The Powel Integrated Control Centre has been developed to integrate the entire planning and scheduling processes for hydro power systems, says Nils O. Tangvik


ELECTRICITY markets worldwide are being deregulated and opened to cross-border competition. Prices are being set by power exchanges and independent system operators, which must be mindful to balance supply and demand every hour of the day. As a consequence, power companies need tools that help determine how much energy to produce hour by hour in accordance with fluctuating price forecasts, in order to maximise revenues.

Power companies with hydro power generation capacity have great opportunities for utilising the new possibilities introduced by deregulation. While thermal power stations are well-suited for covering a steady base load, hydro is ideal for balancing the rapid variations in demand.
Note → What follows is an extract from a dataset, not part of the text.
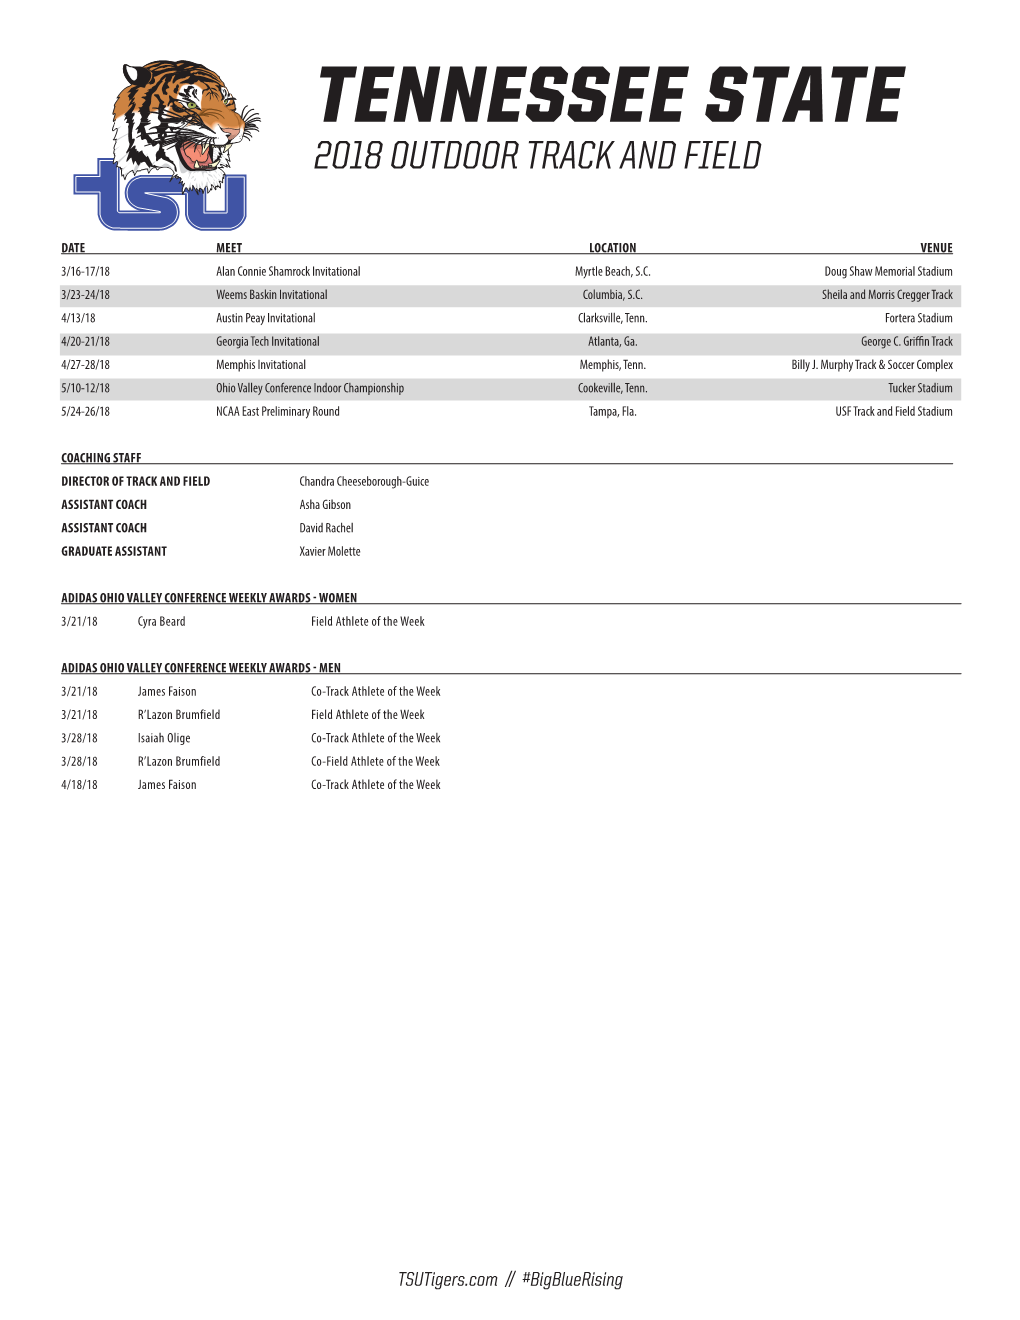 Tennessee State 2018 Outdoor Track and Field

Thus, hydro power generation should – to the extent possible – take place in peak power periods with high prices.

Hydro power scheduling

Most hydro power systems consist of several reservoirs, power stations and watercourses that together form a complex hydrological system. In particular, rivers with many cascaded power stations and variable time delays downstream on the river are difficult to utilise in an optimal way. Increasing the generation in an upstream power station during peak price periods might later cause excess water to arrive at downstream power stations during low price periods. There might also be restrictions on water discharge in the river, or on reservoir levels. Such restrictions might vary during the year.

Finally the weather conditions, like precipitation and temperature, can cause the water inflow to vary significantly during the year, and from year to year. The ‘fuel’ supply situation for hydro power is uncertain, and needs to be predicted by combining historical data with weather forecasts.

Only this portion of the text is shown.